▶ [How to complete this task]
Copy word for word the lines in the records below, starting at the line with "Daniel Haran, founder, Chocolats" and ending at the line with "USA Seller Free". Skip the pictures.

▶ [Given entries]
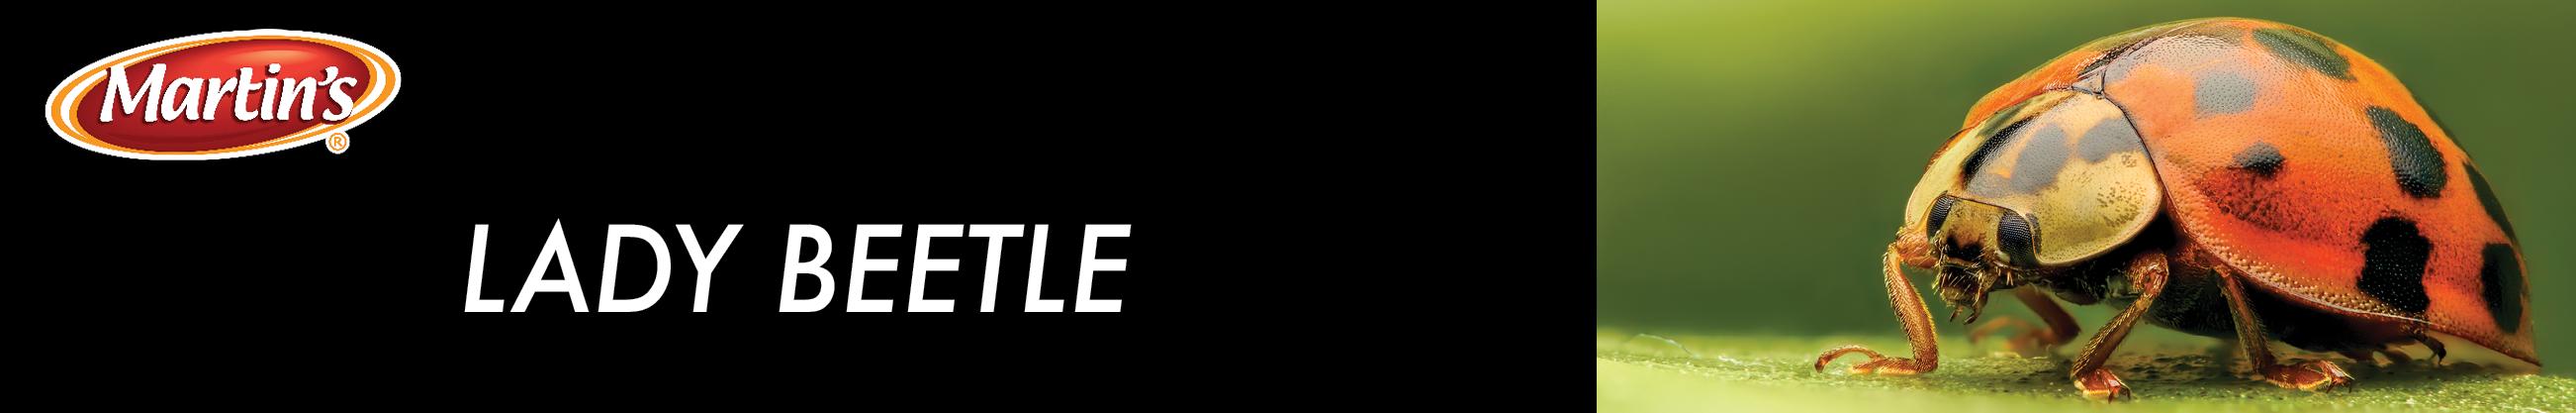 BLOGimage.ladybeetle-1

--

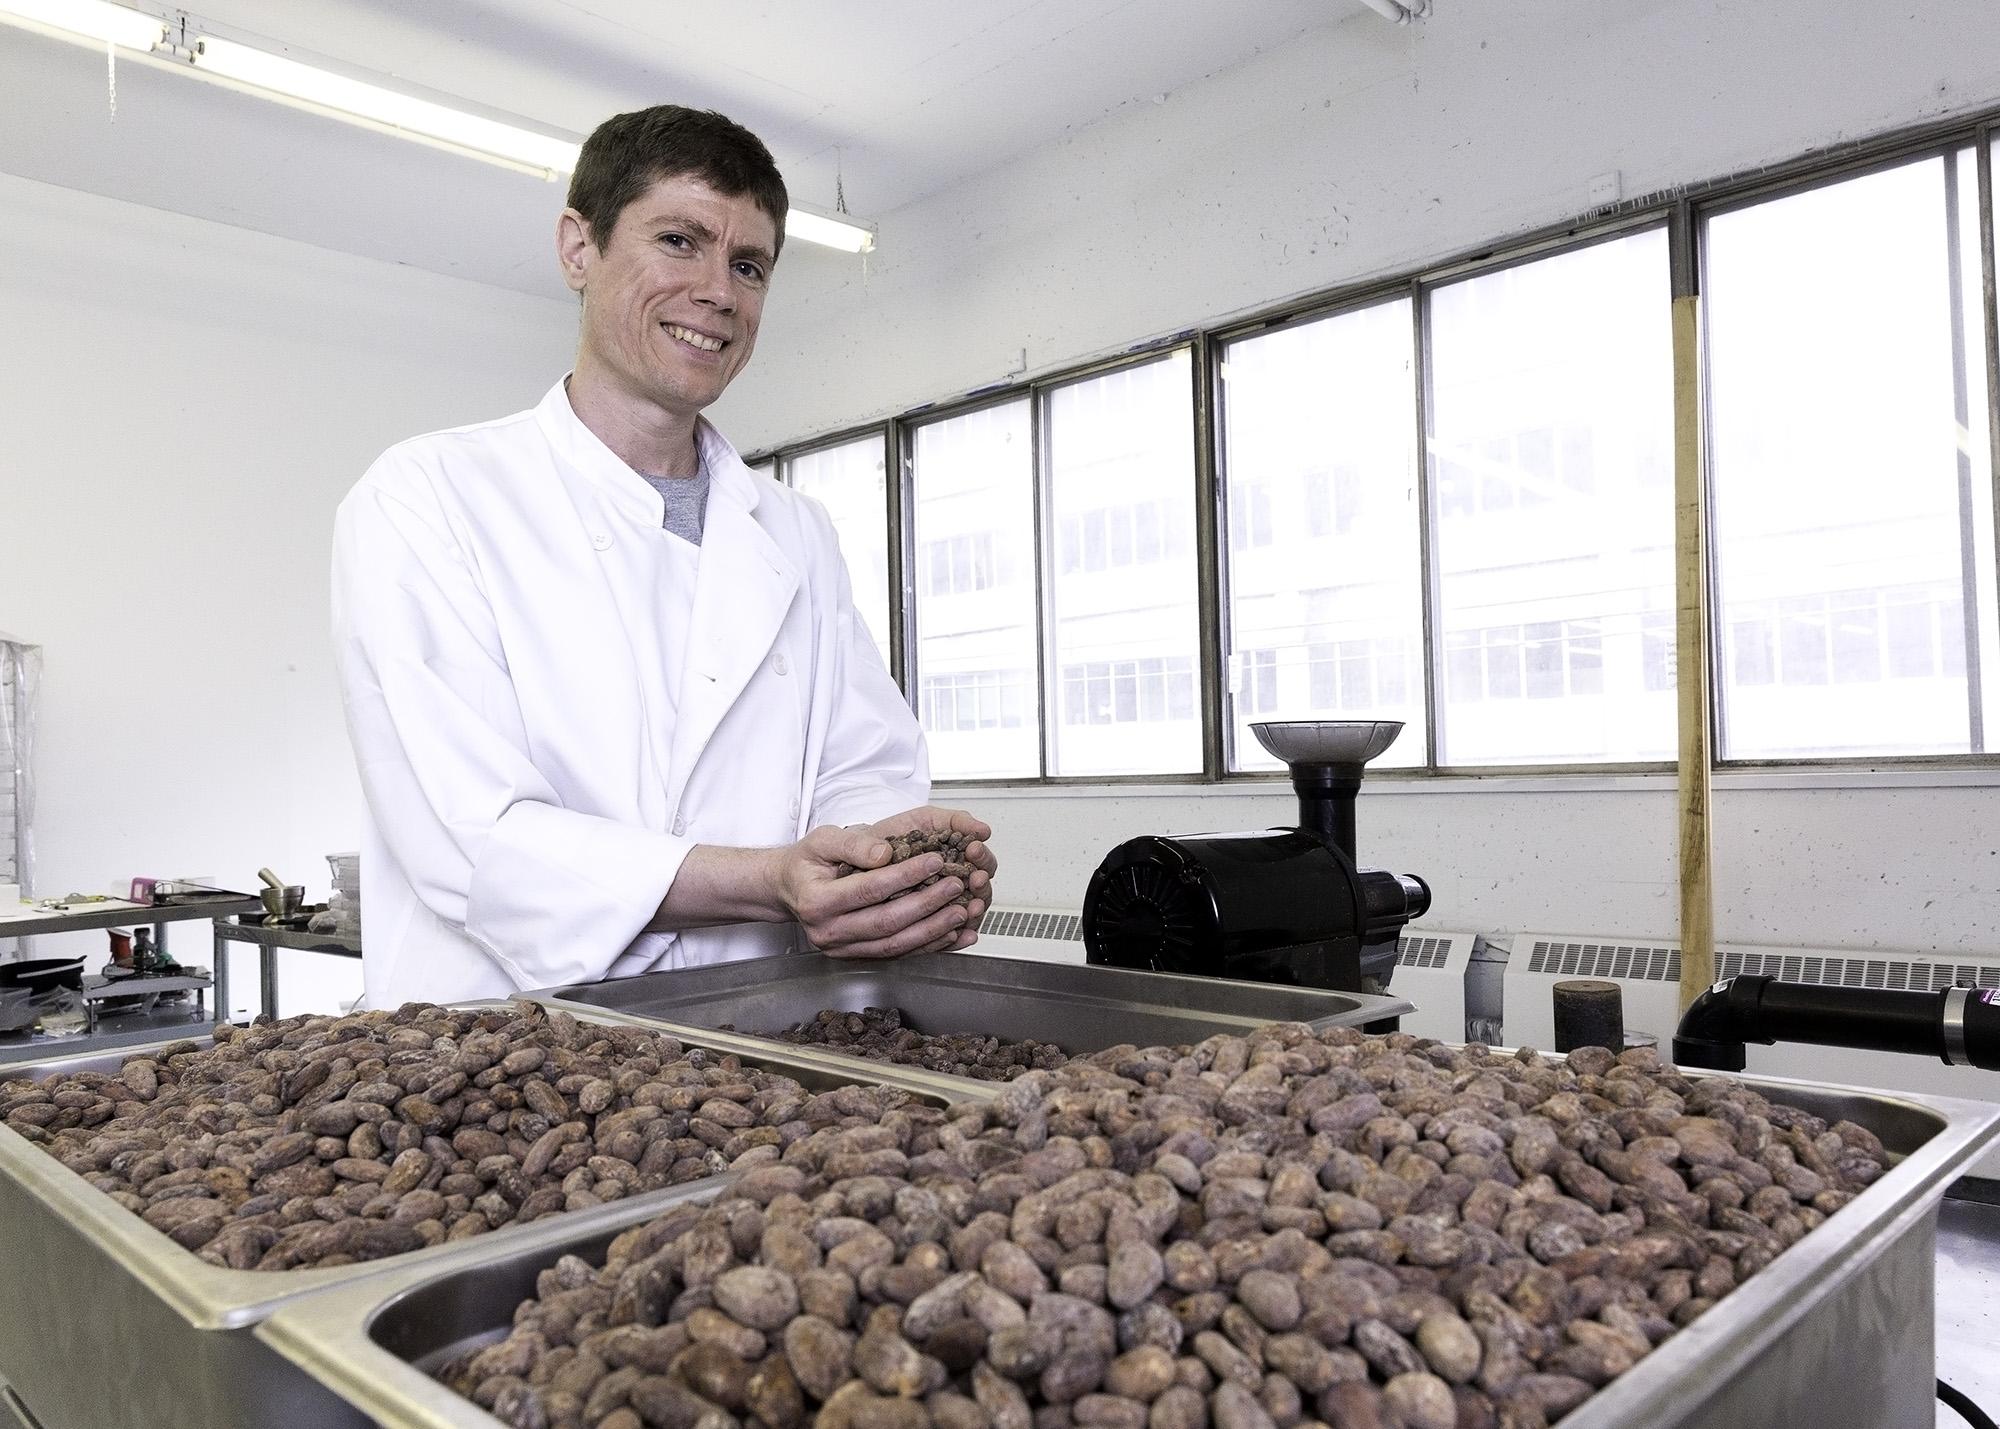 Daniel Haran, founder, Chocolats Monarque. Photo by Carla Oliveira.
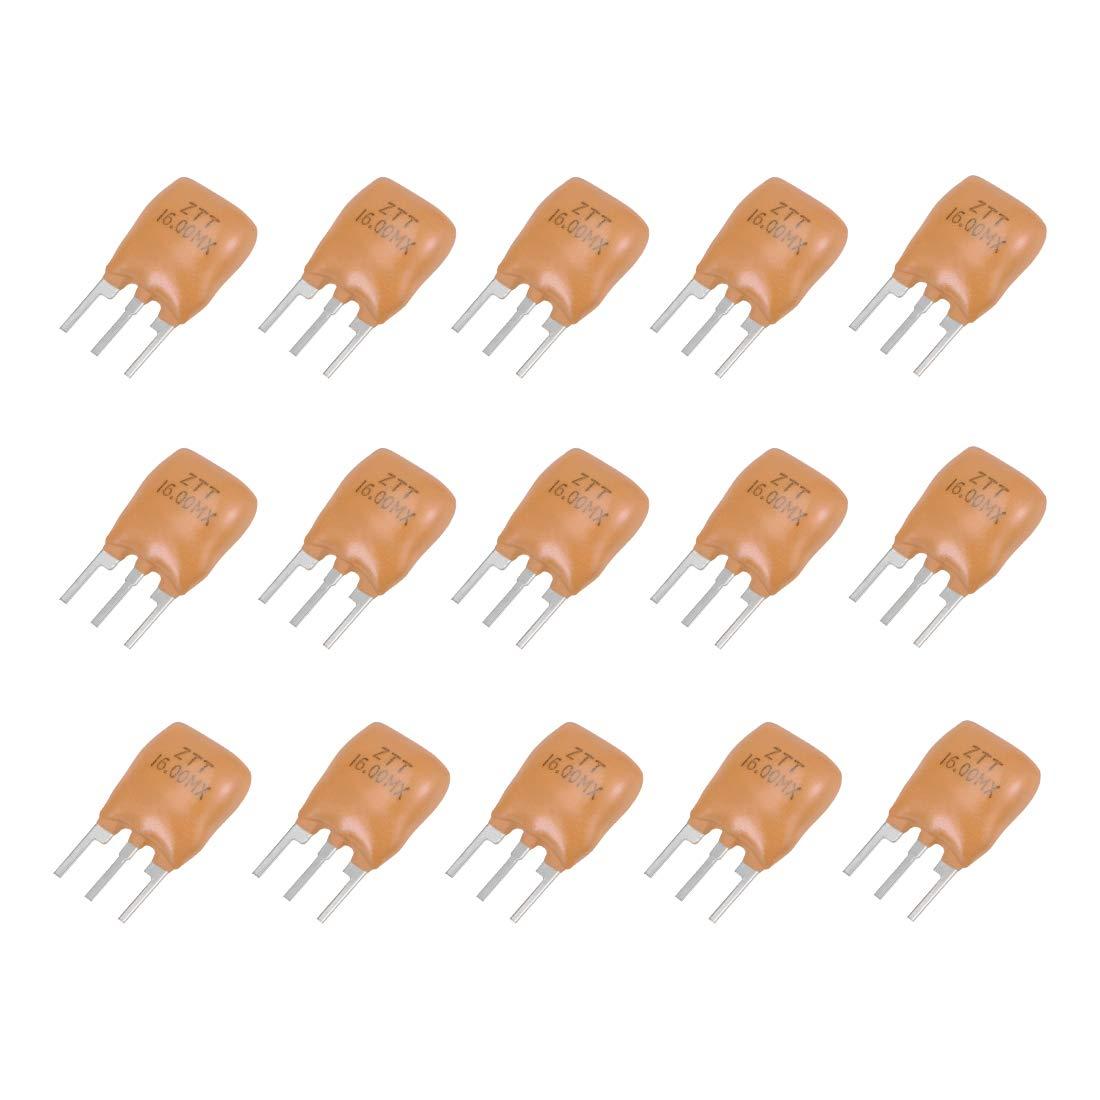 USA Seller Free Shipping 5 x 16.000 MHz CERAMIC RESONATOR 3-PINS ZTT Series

---

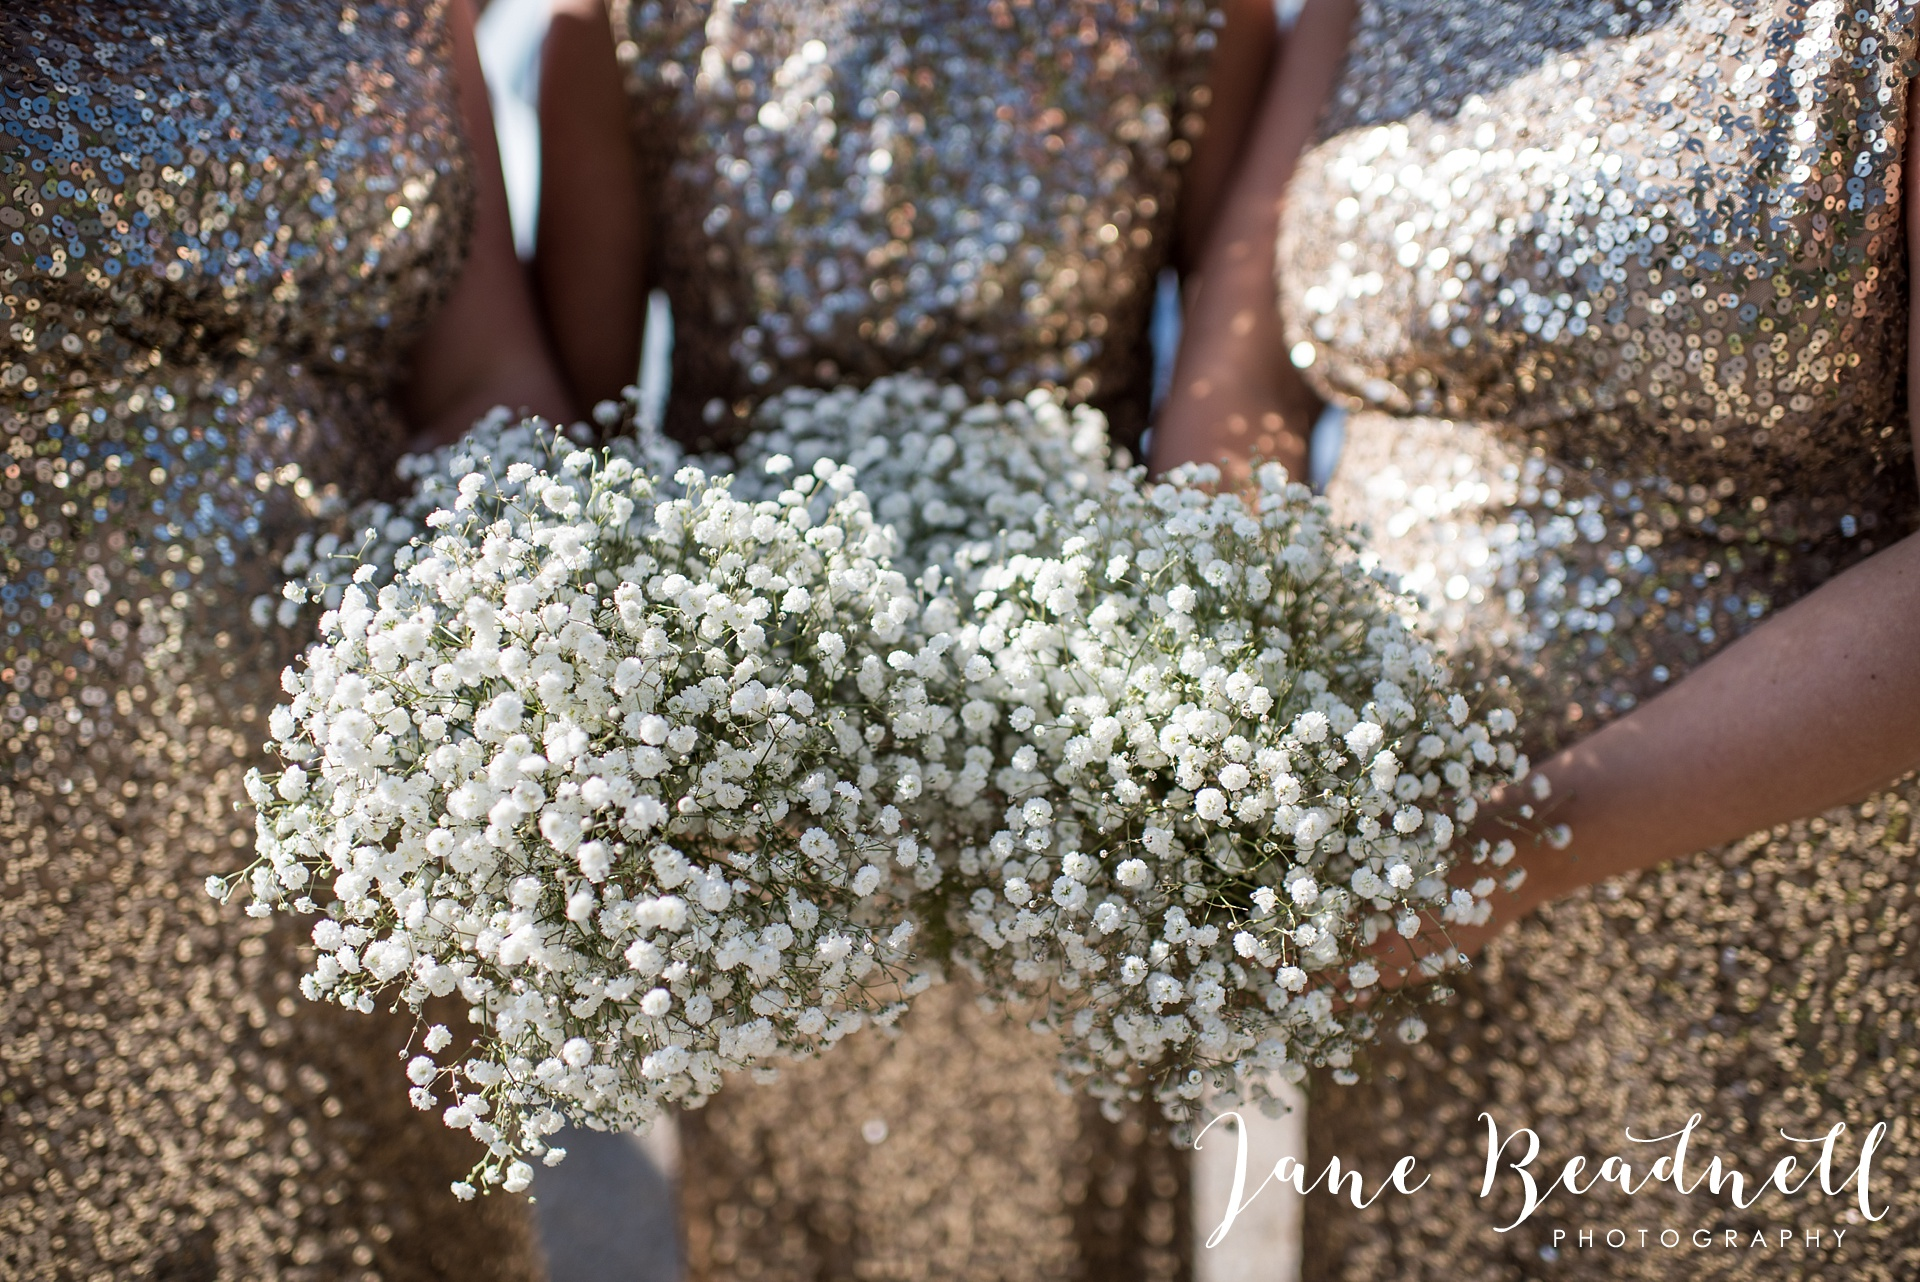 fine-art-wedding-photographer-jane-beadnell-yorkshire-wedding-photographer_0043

▶ [Task response]
 Daniel Haran, founder, Chocolats Monarque. Photo by Carla Oliveira.
 USA Seller Free Shipping 5 x 16.000 MHz CERAMIC RESONATOR 3-PINS ZTT Series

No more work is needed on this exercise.